# 1.10c: GB2312 Chinese Character Tokenization Test

**Testing the legacy encoding hypothesis**

## The Hypothesis

From 1.10b, we found that **random bytes produce halo tokens at 23.35× enrichment**.

This suggests halo tokens appear in Qwen's training data as **non-UTF-8 byte sequences**.

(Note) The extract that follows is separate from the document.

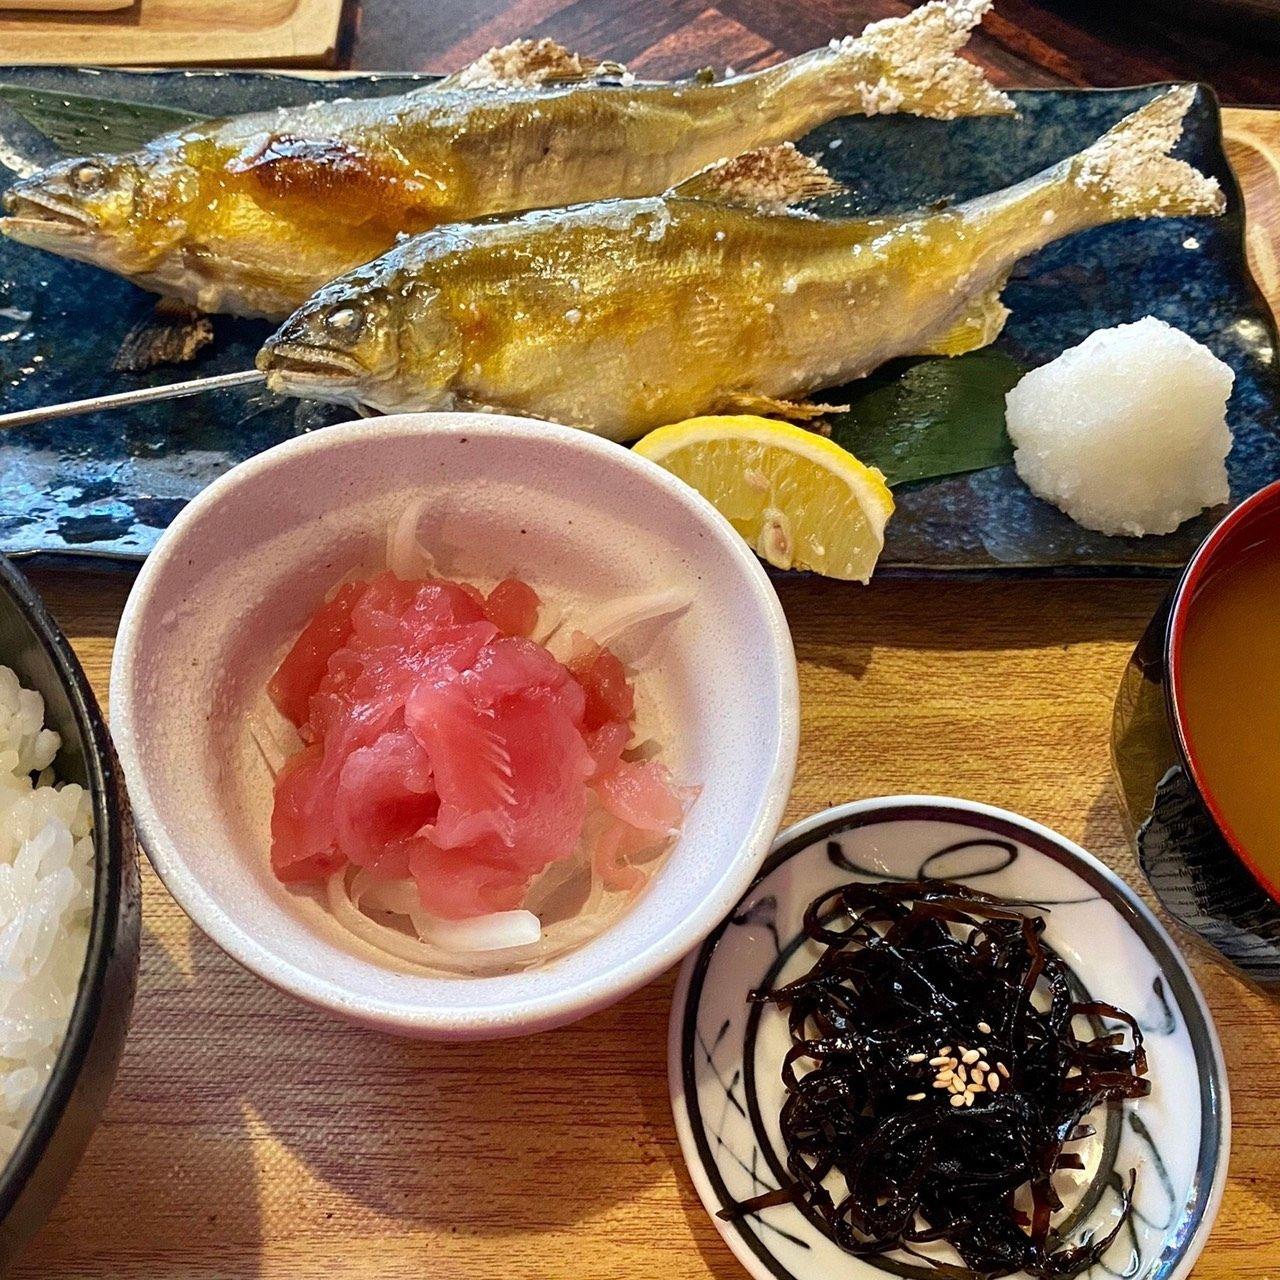 【ランチ限定】清流川登り鮎塩焼き定食(2尾)
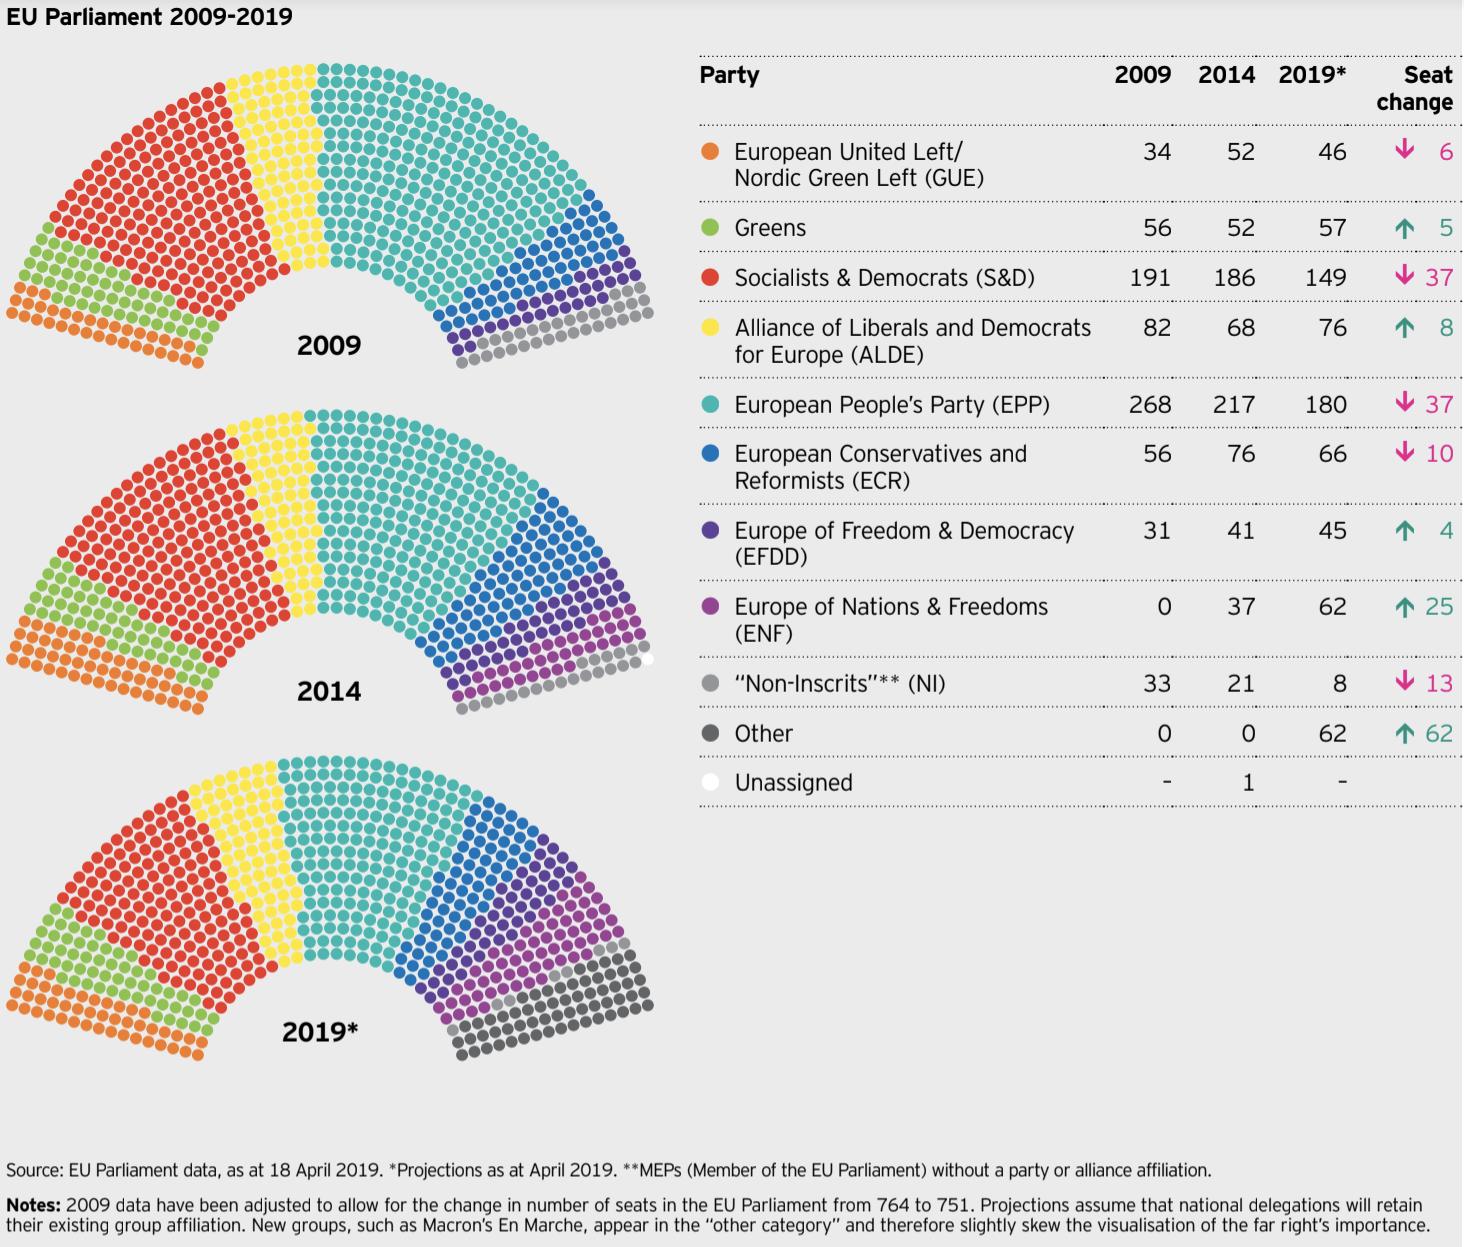 Elezioni europee, come si prevede che cambi la composizione dei seggi nell'europarlamento dopo il voto della settimana prossima

**New question:** Did Qwen train on pre-Unicode Chinese text?

## GB2312 Encoding

GB2312 (1980) is a legacy Chinese character encoding used before Unicode:
- 2 bytes per character
- ~6,700 Simplified Chinese characters
- High byte: 0xA1–0xF7 (area code)
- Low byte: 0xA1–0xFE (position code)

**Character areas:**
- Areas 1-9 (0xA1A1–0xA9FE): Symbols, punctuation, kana, Greek, Cyrillic
- Areas 16-55 (0xB0A1–0xD7FE): Level 1 Chinese (3,755 common characters)
- Areas 56-87 (0xD8A1–0xF7FE): Level 2 Chinese (3,008 less common characters)

## The Test

Feed the tokenizer **all valid GB2312 Chinese character byte pairs** and measure halo token enrichment.

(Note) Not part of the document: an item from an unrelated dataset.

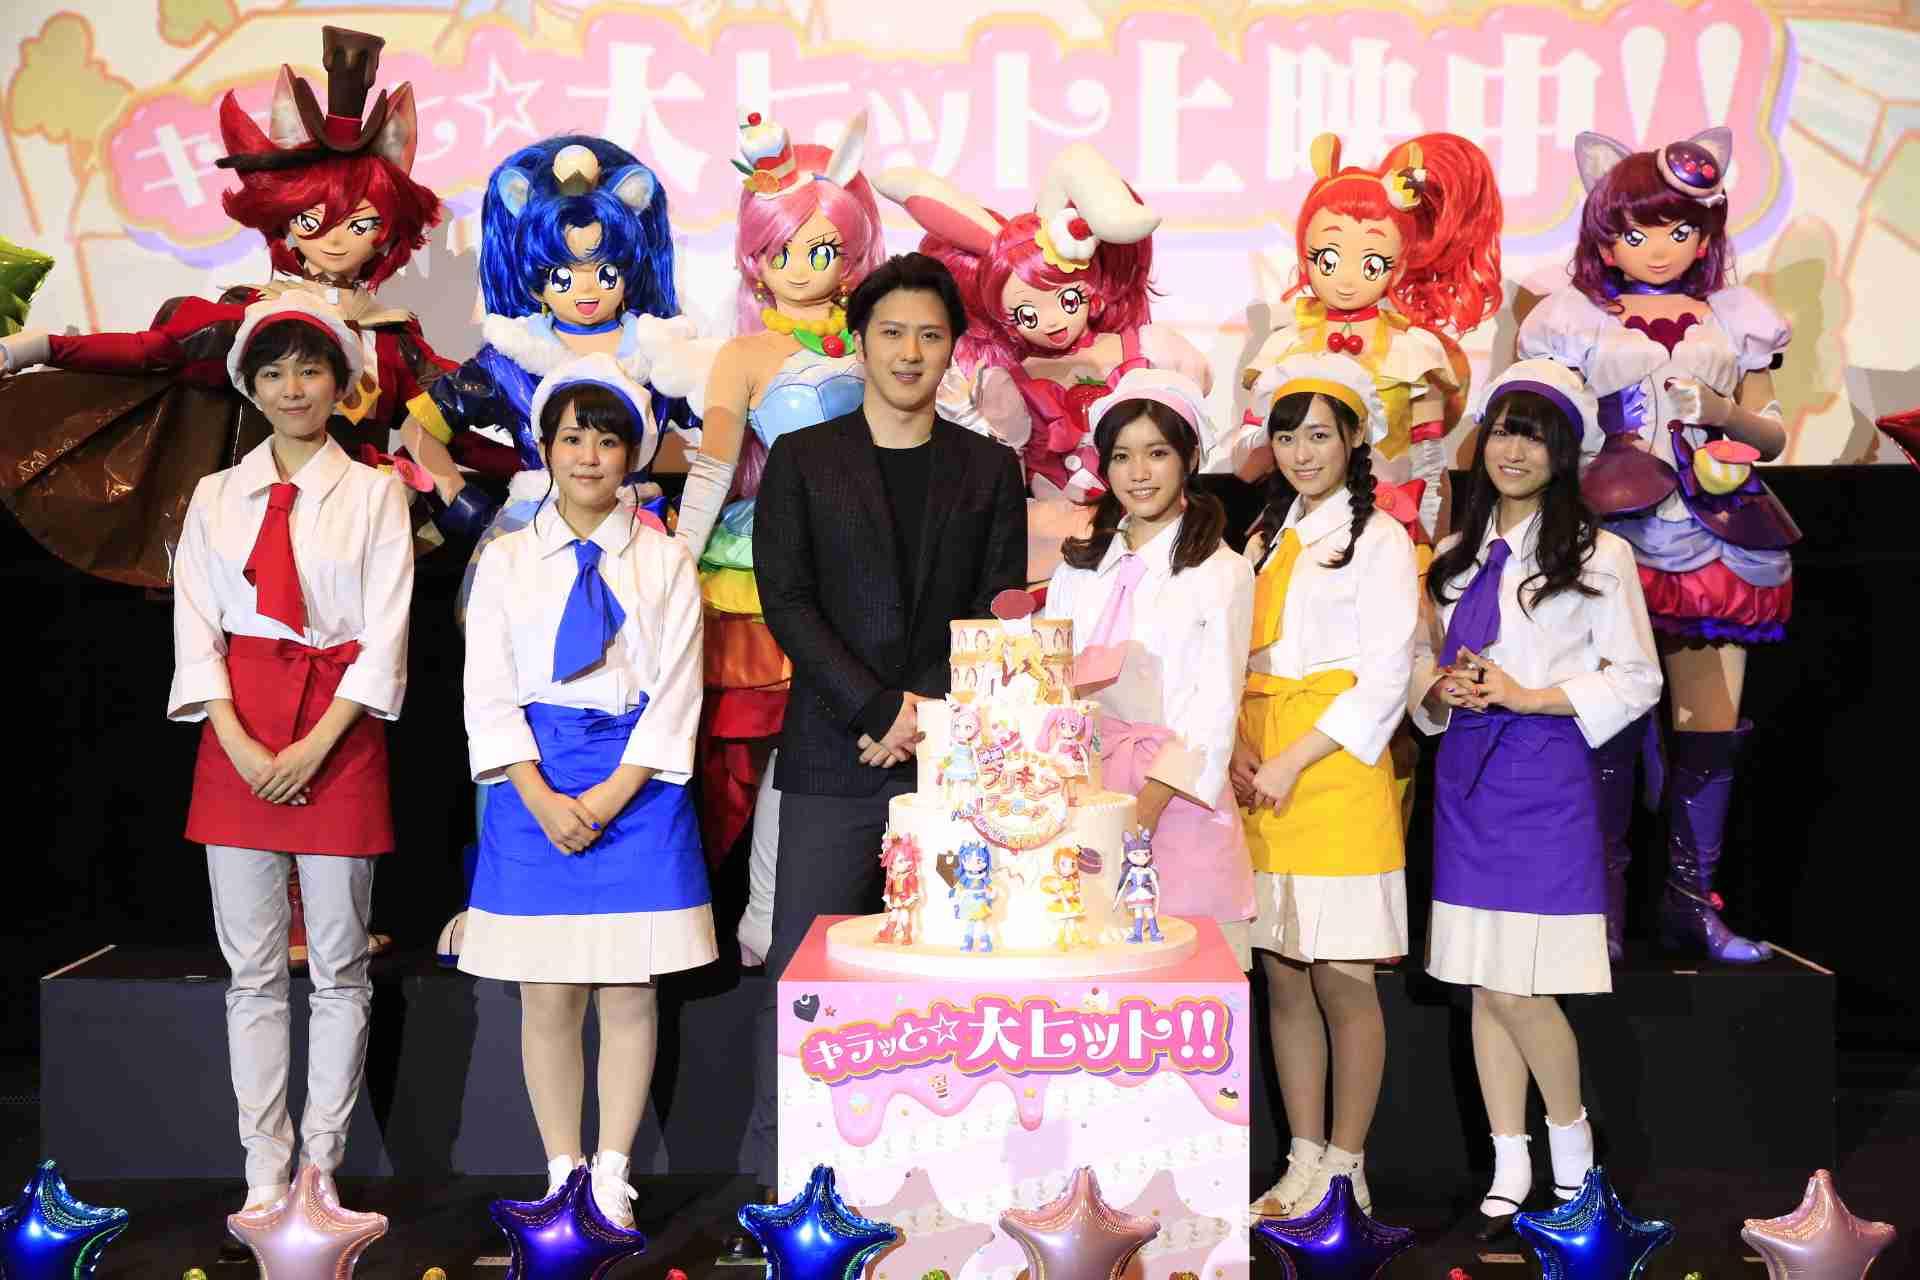 映画の大ヒットを3Dケーキでお祝い! 『映画キラキラ☆プリキュアアラモード パリッと!想い出のミルフィーユ!』大ヒット舞台挨拶 | 超!アニメディア

**If Qwen trained on GB2312 text:**
- Halo enrichment should be **higher** than random bytes (> 23.35x)
- GB2312 byte pairs specifically target the byte sequences that would appear in legacy Chinese text
- This is a **targeted test** vs. random byte noise

**If Qwen never saw GB2312:**
- Enrichment similar to random bytes (~23x) or lower
- No special affinity for these specific byte patterns

## Method

1. Generate all valid GB2312 Chinese character byte pairs (0xB0A1–0xF7FE)
2. Convert to strings via Latin-1 (lossless byte→string)
3. Tokenize each byte pair individually
4. Classify tokens: cluster / halo / bulk
5. Compare to vocabulary baseline and random bytes baseline

## Parameters

In [12]:
# Model
MODEL_NAME = "Qwen3-4B-Instruct-2507"
HF_MODEL_NAME = "Qwen/Qwen3-4B-Instruct-2507"

# Input data
CLUSTER_TOKENS_PATH = "../tensors/Qwen3-4B-Instruct-2507/1.4h_cluster_tokens.safetensors"
REACHABILITY_PATH = "../tensors/Qwen3-4B-Instruct-2507/1.8d_full_vocab_reachability.safetensors"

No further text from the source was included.